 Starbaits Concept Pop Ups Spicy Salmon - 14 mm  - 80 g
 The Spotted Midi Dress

...

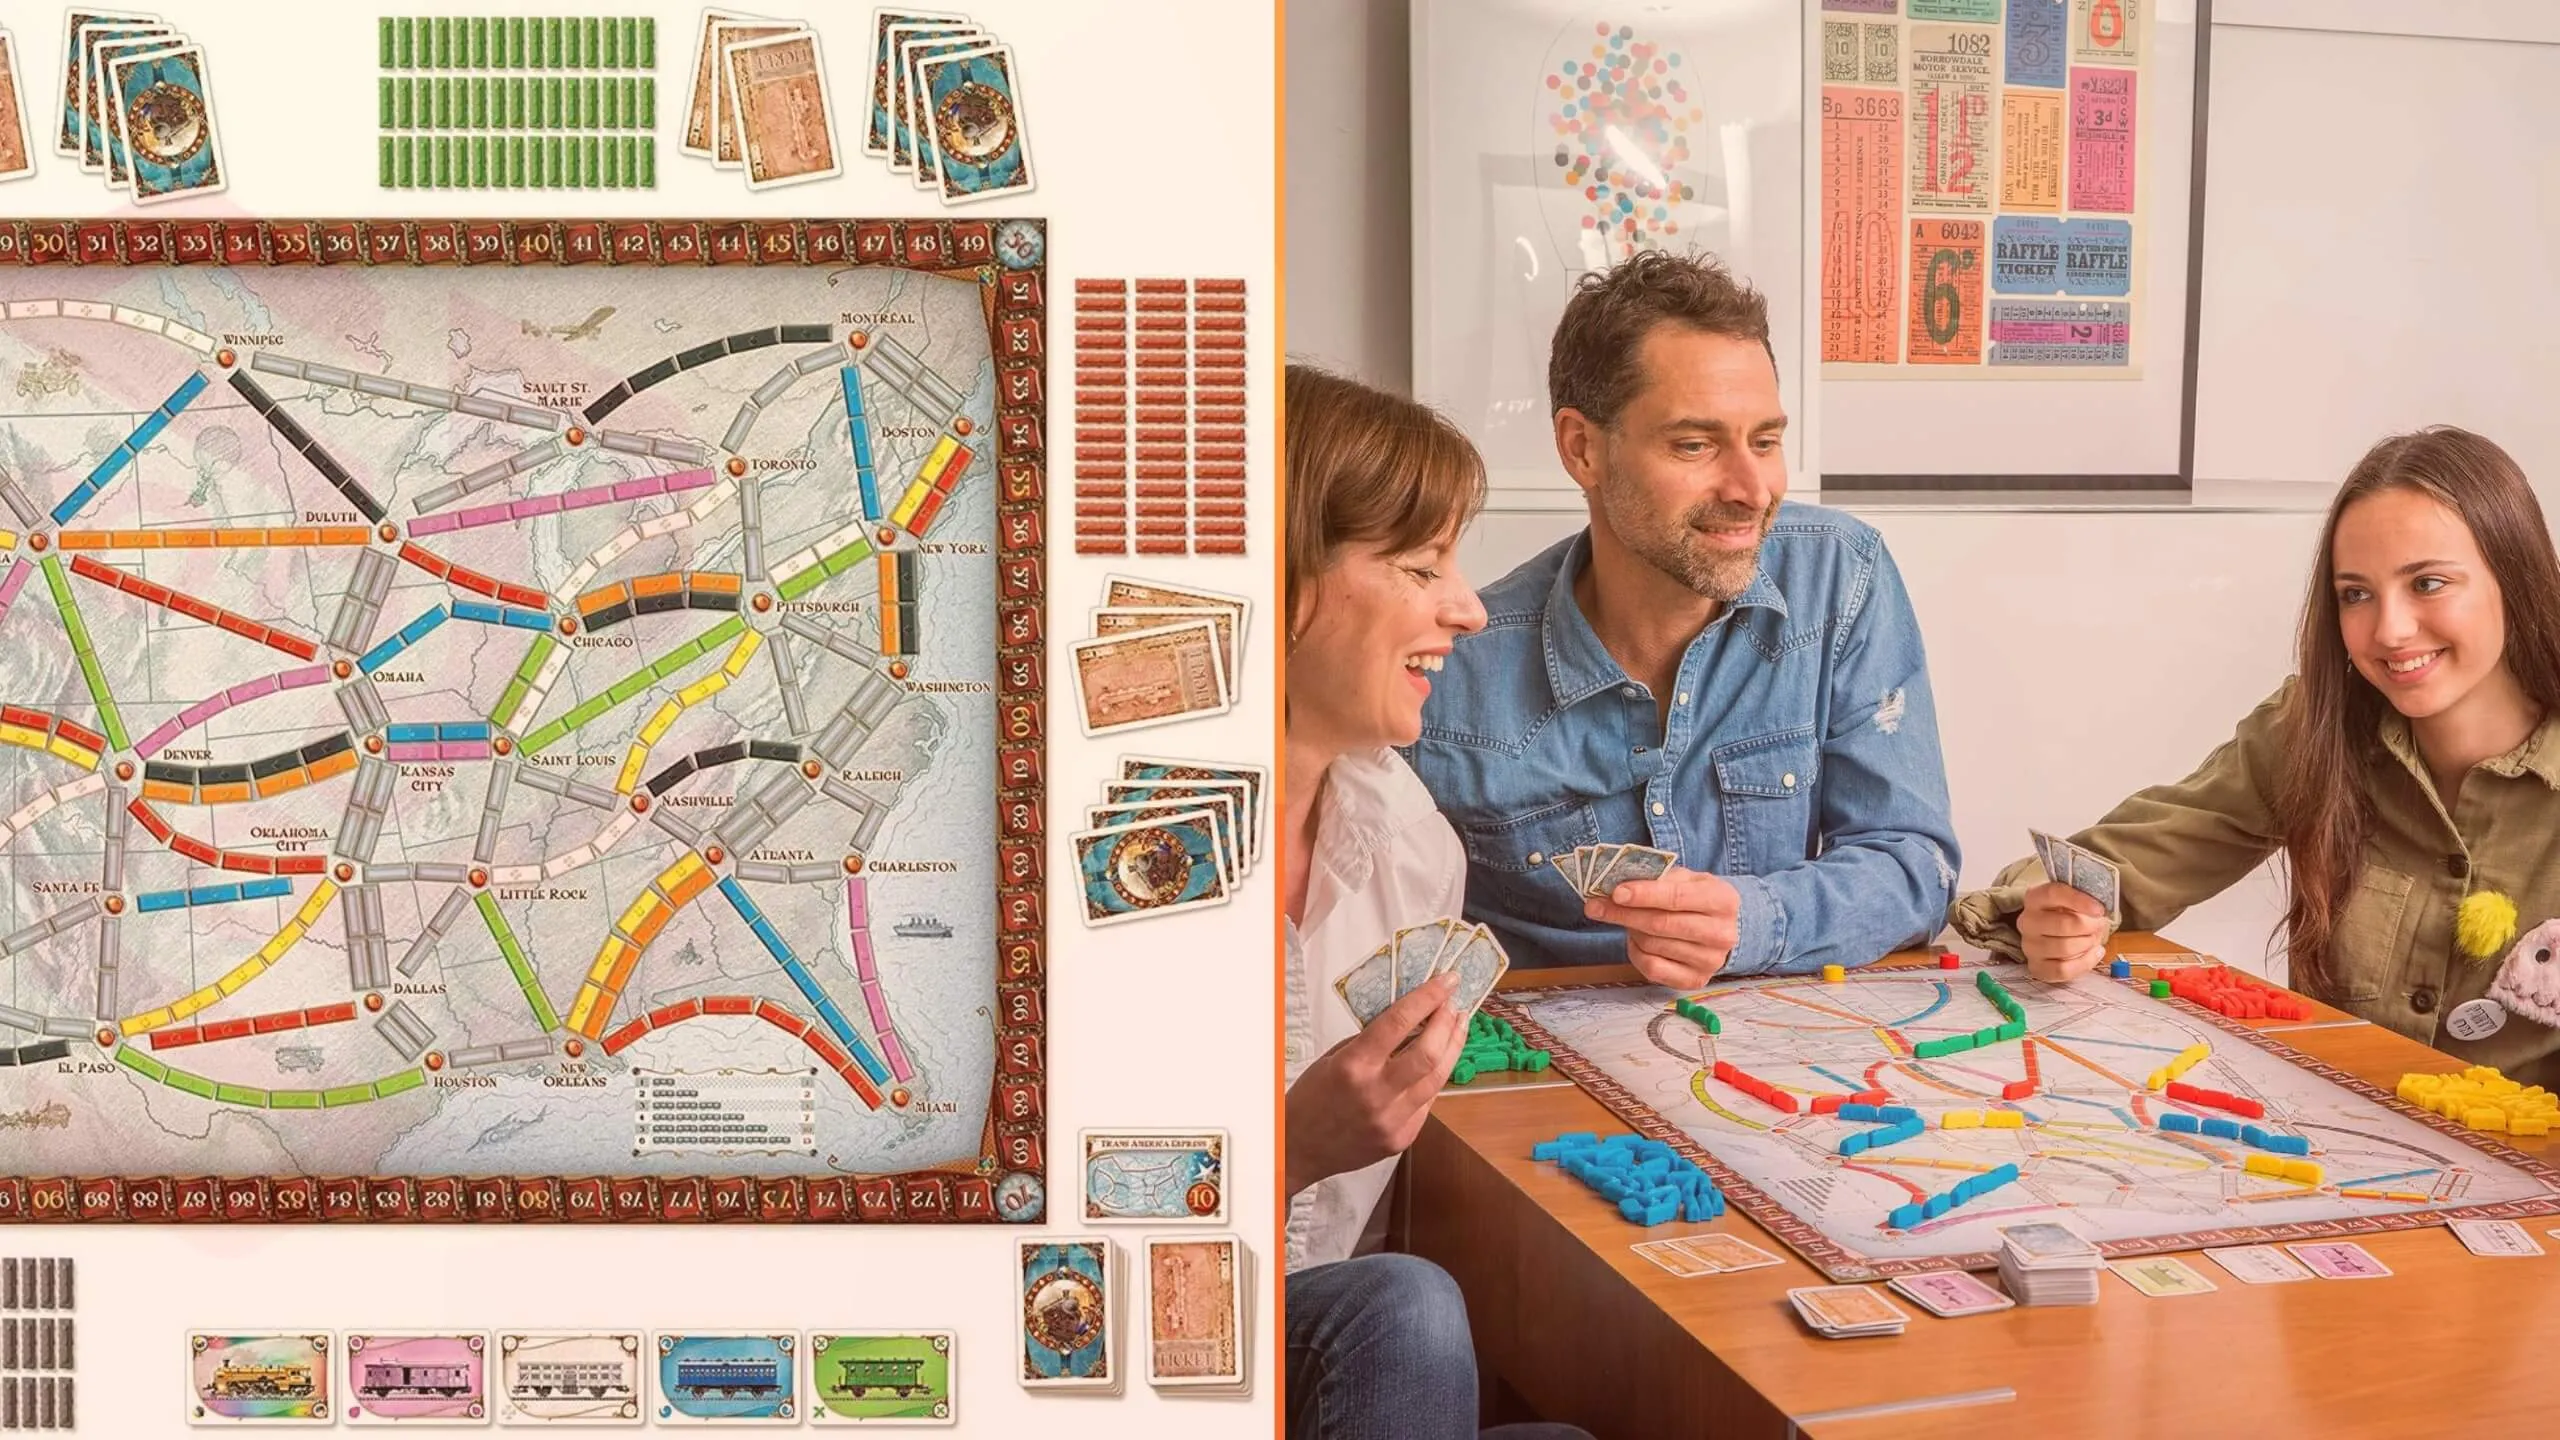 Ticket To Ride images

- EXERCISE PROMPT -
Reprint exactly the lines above that start at the one with "Starbaits Concept Pop" and end at the one with "The Spotted Midi Dress", keeping both and adding none.

- WORKED SOLUTION -
 Starbaits Concept Pop Ups Spicy Salmon - 14 mm  - 80 g
 The Spotted Midi Dress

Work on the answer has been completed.